■ Exercise objective
Quote the data below in full, minus the images.

■ Collected material
####

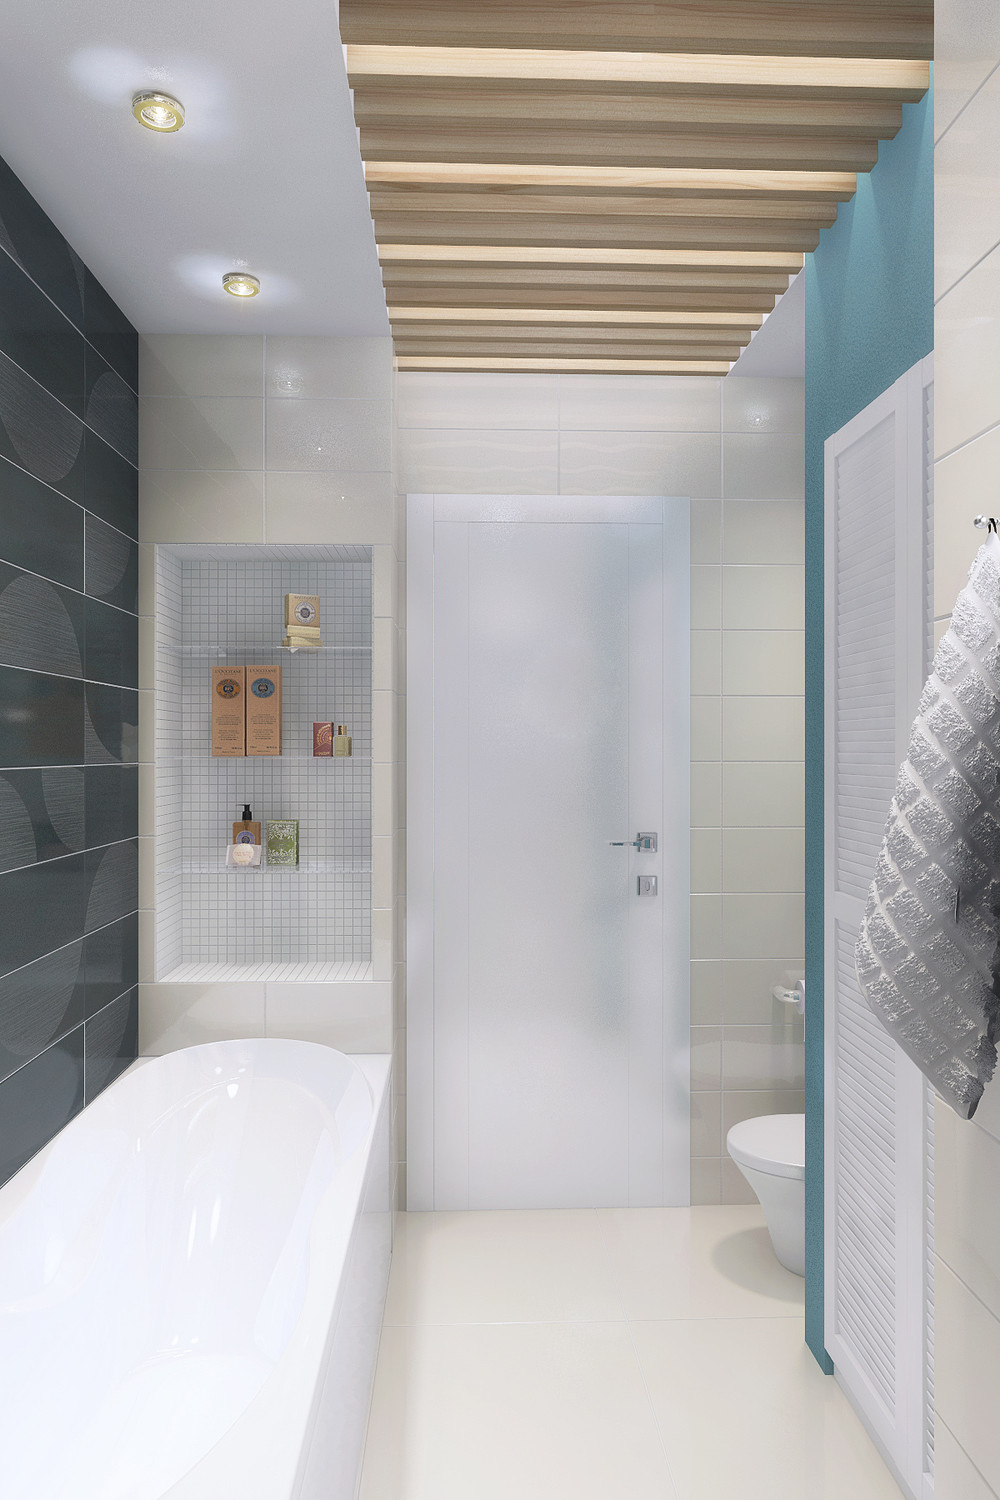 Wedo thiết kế nội thất tiện nghi và hoàn hảo cho phòng tắm trong ngôi nhà diện tích nhỏ
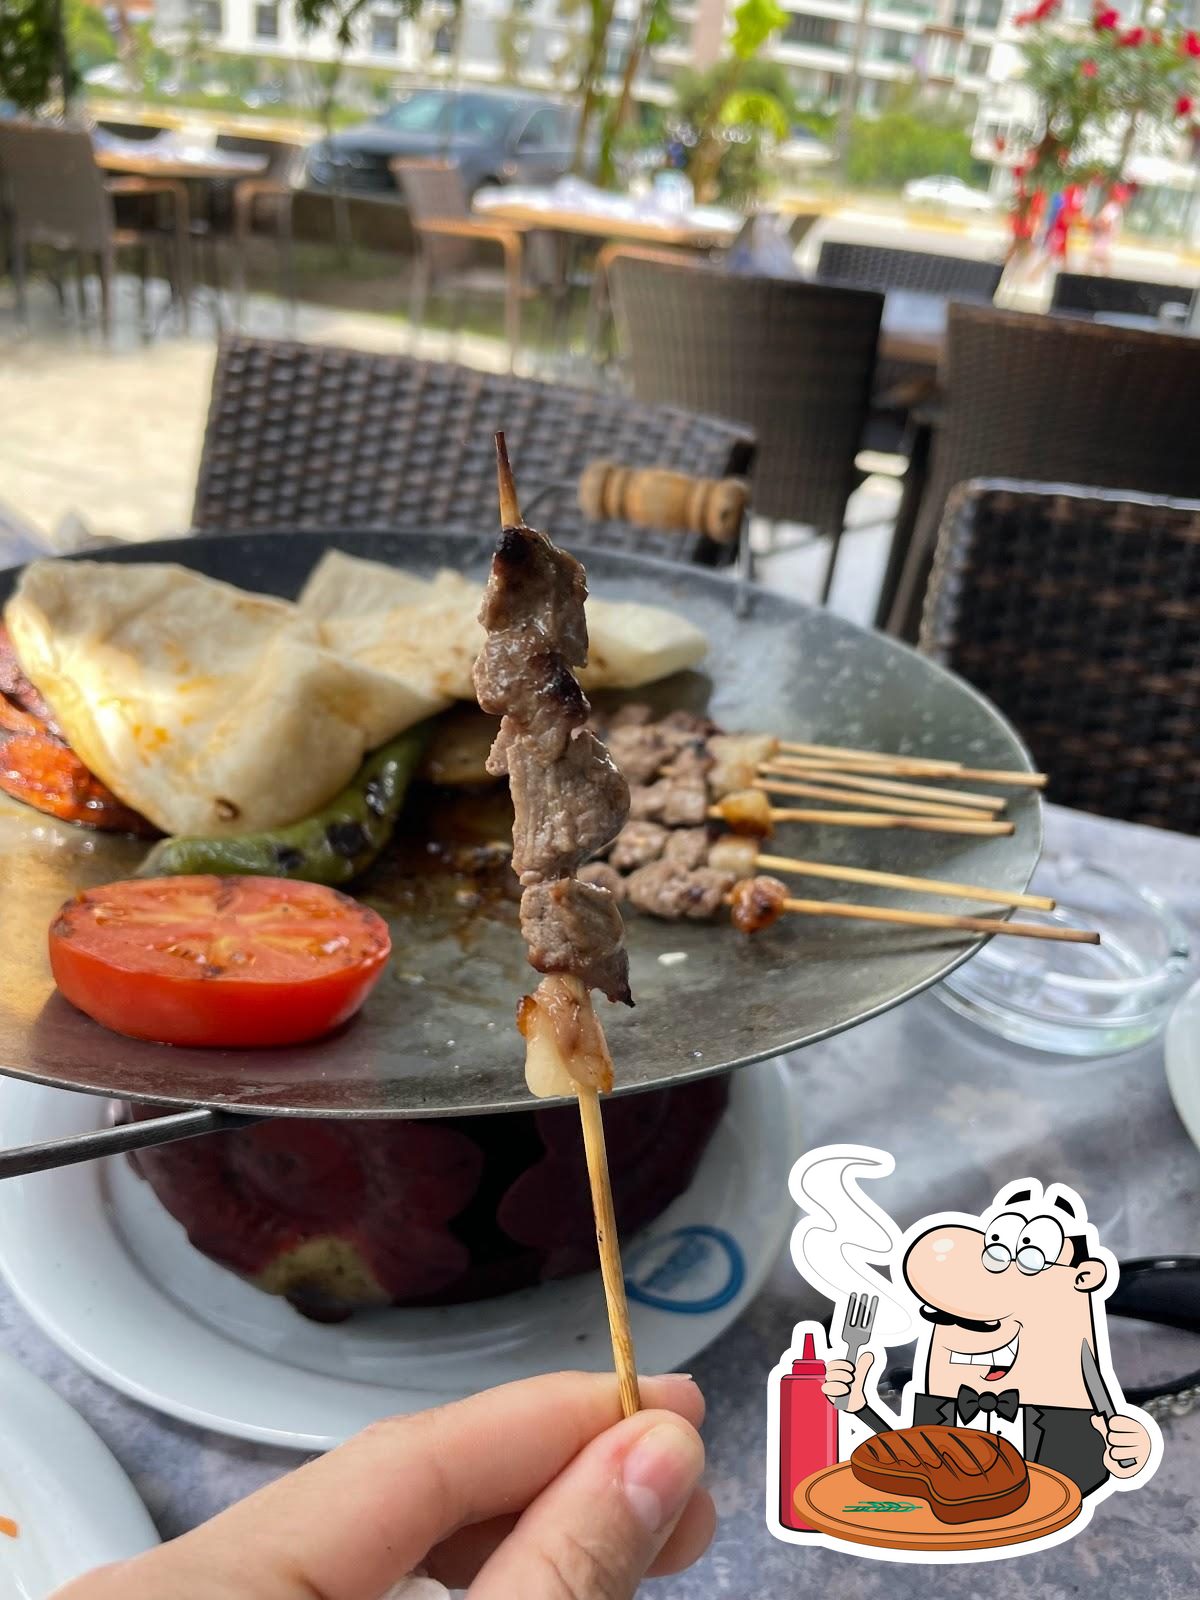 GÜLTEN ATAR ORTAKLAR ÇÖP ŞİŞ, Antalya - Restaurant reviews
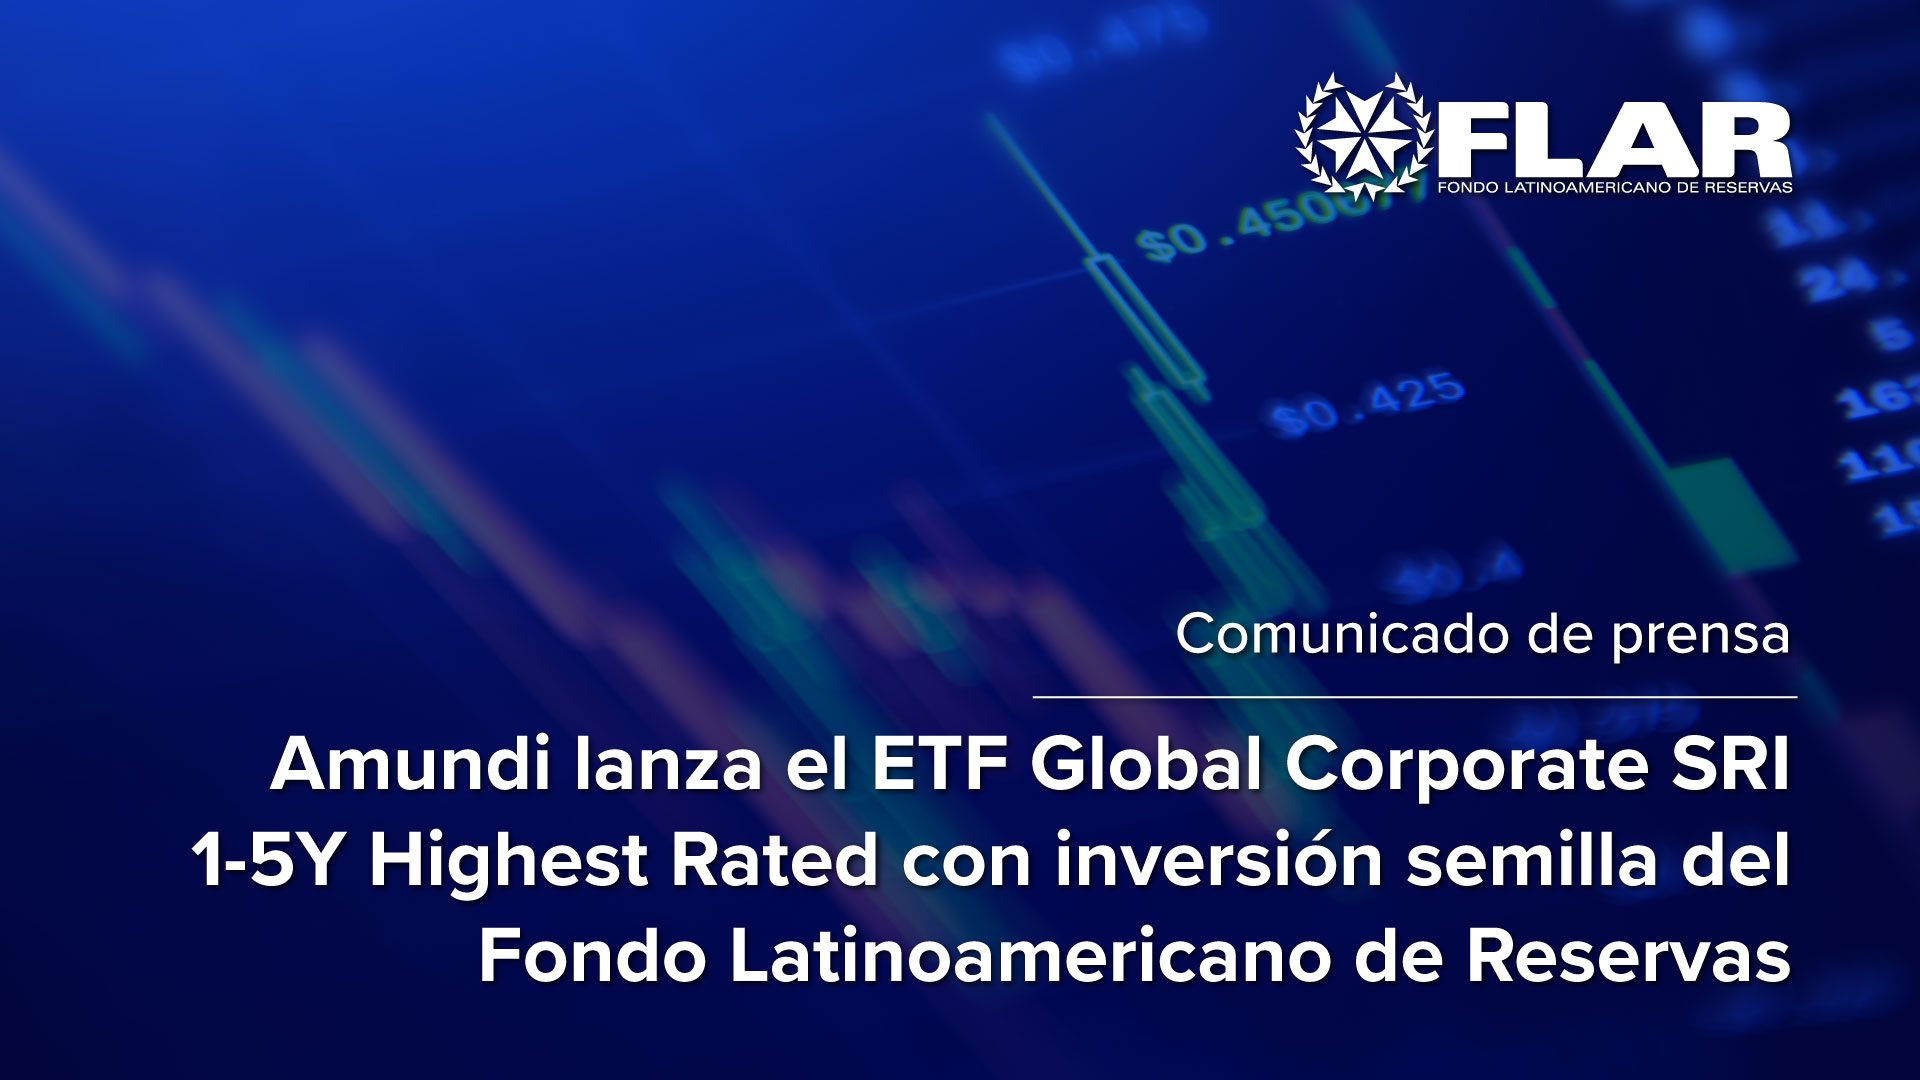 Comunicado de prensa: Amundi lanza el ETF Global Corporate SRI 1-5Y Highest Rated con inversión semilla del Fondo Latinoamericano de Reservas

####

■ Exercise response
 Wedo thiết kế nội thất tiện nghi và hoàn hảo cho phòng tắm trong ngôi nhà diện tích nhỏ
 GÜLTEN ATAR ORTAKLAR ÇÖP ŞİŞ, Antalya - Restaurant reviews
 Comunicado de prensa: Amundi lanza el ETF Global Corporate SRI 1-5Y Highest Rated con inversión semilla del Fondo Latinoamericano de Reservas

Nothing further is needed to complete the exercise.